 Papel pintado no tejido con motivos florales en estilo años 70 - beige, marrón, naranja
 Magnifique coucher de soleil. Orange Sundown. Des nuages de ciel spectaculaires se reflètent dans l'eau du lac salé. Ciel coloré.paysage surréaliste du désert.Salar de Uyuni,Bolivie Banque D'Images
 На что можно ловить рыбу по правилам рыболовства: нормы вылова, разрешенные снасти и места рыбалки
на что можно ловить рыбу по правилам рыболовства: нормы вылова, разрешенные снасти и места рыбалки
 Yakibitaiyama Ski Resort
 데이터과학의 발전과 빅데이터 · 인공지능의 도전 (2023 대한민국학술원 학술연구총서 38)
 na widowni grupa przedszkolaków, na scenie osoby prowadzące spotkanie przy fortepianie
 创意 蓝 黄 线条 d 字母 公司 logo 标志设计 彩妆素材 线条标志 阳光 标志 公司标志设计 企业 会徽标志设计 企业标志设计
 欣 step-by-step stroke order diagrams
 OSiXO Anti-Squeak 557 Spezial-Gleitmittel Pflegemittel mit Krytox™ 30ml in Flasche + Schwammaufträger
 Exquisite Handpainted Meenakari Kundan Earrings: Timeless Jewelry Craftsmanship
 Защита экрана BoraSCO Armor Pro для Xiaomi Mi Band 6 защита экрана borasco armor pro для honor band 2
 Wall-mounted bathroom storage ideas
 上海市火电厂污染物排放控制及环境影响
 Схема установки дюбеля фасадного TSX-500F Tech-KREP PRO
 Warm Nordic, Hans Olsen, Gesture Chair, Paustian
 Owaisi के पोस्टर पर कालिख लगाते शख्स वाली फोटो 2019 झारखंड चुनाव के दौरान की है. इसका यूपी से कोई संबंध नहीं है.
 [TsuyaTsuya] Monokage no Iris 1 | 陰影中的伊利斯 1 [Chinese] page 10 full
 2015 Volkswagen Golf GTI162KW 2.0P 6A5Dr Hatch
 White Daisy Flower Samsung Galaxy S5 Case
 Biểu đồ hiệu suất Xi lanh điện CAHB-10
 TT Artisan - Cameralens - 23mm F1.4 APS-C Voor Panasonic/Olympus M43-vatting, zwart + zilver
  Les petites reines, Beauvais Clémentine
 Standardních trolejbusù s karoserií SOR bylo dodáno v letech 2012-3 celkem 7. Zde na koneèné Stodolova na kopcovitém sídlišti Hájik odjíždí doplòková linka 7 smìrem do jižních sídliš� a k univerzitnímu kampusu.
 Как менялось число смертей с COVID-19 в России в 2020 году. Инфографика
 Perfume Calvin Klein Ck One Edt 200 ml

◆ ◆ ◆ ◆ ◆ ◆ ◆

**EXERCISE BRIEF**
From the entries above, list each line with "ловить" in it.

**YOUR SOLUTION**
 На что можно ловить рыбу по правилам рыболовства: нормы вылова, разрешенные снасти и места рыбалки
на что можно ловить рыбу по правилам рыболовства: нормы вылова, разрешенные снасти и места рыбалки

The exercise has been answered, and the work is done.